• WHAT NEEDS TO BE DONE: Return the opening lines of the material, word for word. End with the line that contains "Probe specialist police".

(Beginning of RECORDS PROVIDED)

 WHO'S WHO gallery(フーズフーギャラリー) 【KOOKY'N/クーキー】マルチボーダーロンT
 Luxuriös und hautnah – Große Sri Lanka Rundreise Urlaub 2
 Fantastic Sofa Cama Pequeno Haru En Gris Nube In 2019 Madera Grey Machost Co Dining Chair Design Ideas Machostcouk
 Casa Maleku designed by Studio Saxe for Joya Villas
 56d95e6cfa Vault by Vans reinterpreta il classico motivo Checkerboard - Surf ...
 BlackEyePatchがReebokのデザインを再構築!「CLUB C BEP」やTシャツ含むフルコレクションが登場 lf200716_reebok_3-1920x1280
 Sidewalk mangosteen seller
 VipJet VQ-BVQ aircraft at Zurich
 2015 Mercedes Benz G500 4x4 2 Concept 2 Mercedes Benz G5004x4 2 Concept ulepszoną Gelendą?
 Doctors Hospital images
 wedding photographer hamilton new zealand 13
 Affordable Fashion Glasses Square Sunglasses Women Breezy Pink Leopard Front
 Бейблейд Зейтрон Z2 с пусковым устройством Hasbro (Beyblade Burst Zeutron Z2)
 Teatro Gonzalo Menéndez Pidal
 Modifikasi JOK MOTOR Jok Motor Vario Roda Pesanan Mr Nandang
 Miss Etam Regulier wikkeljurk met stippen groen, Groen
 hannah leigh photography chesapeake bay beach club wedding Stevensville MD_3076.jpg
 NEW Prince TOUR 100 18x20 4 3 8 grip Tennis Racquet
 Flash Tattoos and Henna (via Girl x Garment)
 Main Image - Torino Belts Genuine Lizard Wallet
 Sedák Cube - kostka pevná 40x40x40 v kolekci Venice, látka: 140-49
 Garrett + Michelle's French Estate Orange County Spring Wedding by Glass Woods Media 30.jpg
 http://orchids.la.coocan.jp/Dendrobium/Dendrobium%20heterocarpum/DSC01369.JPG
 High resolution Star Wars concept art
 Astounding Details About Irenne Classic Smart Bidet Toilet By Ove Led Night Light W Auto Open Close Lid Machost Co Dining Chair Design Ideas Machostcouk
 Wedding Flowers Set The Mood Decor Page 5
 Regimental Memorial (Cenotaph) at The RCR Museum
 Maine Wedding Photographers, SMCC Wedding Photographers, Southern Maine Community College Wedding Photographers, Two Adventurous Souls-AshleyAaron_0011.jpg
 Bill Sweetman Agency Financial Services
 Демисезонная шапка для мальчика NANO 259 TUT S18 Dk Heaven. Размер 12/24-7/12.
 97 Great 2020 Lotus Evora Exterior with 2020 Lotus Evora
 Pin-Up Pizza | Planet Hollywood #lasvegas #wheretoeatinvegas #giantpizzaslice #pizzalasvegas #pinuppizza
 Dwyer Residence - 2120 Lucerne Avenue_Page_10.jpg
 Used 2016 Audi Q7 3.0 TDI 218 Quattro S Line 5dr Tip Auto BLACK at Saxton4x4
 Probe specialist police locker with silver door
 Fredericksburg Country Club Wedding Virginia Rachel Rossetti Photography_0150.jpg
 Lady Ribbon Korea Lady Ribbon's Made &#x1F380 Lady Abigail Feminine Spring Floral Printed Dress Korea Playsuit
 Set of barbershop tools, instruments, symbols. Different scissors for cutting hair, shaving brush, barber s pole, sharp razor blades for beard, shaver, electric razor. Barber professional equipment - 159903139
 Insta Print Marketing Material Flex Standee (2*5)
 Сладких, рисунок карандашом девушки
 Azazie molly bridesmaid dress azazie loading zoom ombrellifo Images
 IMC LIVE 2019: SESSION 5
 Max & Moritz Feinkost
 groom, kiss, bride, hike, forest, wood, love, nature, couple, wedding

(End of RECORDS PROVIDED)

• REPLY:
 WHO'S WHO gallery(フーズフーギャラリー) 【KOOKY'N/クーキー】マルチボーダーロンT
 Luxuriös und hautnah – Große Sri Lanka Rundreise Urlaub 2
 Fantastic Sofa Cama Pequeno Haru En Gris Nube In 2019 Madera Grey Machost Co Dining Chair Design Ideas Machostcouk
 Casa Maleku designed by Studio Saxe for Joya Villas
 56d95e6cfa Vault by Vans reinterpreta il classico motivo Checkerboard - Surf ...
 BlackEyePatchがReebokのデザインを再構築!「CLUB C BEP」やTシャツ含むフルコレクションが登場 lf200716_reebok_3-1920x1280
 Sidewalk mangosteen seller
 VipJet VQ-BVQ aircraft at Zurich
 2015 Mercedes Benz G500 4x4 2 Concept 2 Mercedes Benz G5004x4 2 Concept ulepszoną Gelendą?
 Doctors Hospital images
 wedding photographer hamilton new zealand 13
 Affordable Fashion Glasses Square Sunglasses Women Breezy Pink Leopard Front
 Бейблейд Зейтрон Z2 с пусковым устройством Hasbro (Beyblade Burst Zeutron Z2)
 Teatro Gonzalo Menéndez Pidal
 Modifikasi JOK MOTOR Jok Motor Vario Roda Pesanan Mr Nandang
 Miss Etam Regulier wikkeljurk met stippen groen, Groen
 hannah leigh photography chesapeake bay beach club wedding Stevensville MD_3076.jpg
 NEW Prince TOUR 100 18x20 4 3 8 grip Tennis Racquet
 Flash Tattoos and Henna (via Girl x Garment)
 Main Image - Torino Belts Genuine Lizard Wallet
 Sedák Cube - kostka pevná 40x40x40 v kolekci Venice, látka: 140-49
 Garrett + Michelle's French Estate Orange County Spring Wedding by Glass Woods Media 30.jpg
 http://orchids.la.coocan.jp/Dendrobium/Dendrobium%20heterocarpum/DSC01369.JPG
 High resolution Star Wars concept art
 Astounding Details About Irenne Classic Smart Bidet Toilet By Ove Led Night Light W Auto Open Close Lid Machost Co Dining Chair Design Ideas Machostcouk
 Wedding Flowers Set The Mood Decor Page 5
 Regimental Memorial (Cenotaph) at The RCR Museum
 Maine Wedding Photographers, SMCC Wedding Photographers, Southern Maine Community College Wedding Photographers, Two Adventurous Souls-AshleyAaron_0011.jpg
 Bill Sweetman Agency Financial Services
 Демисезонная шапка для мальчика NANO 259 TUT S18 Dk Heaven. Размер 12/24-7/12.
 97 Great 2020 Lotus Evora Exterior with 2020 Lotus Evora
 Pin-Up Pizza | Planet Hollywood #lasvegas #wheretoeatinvegas #giantpizzaslice #pizzalasvegas #pinuppizza
 Dwyer Residence - 2120 Lucerne Avenue_Page_10.jpg
 Used 2016 Audi Q7 3.0 TDI 218 Quattro S Line 5dr Tip Auto BLACK at Saxton4x4
 Probe specialist police locker with silver door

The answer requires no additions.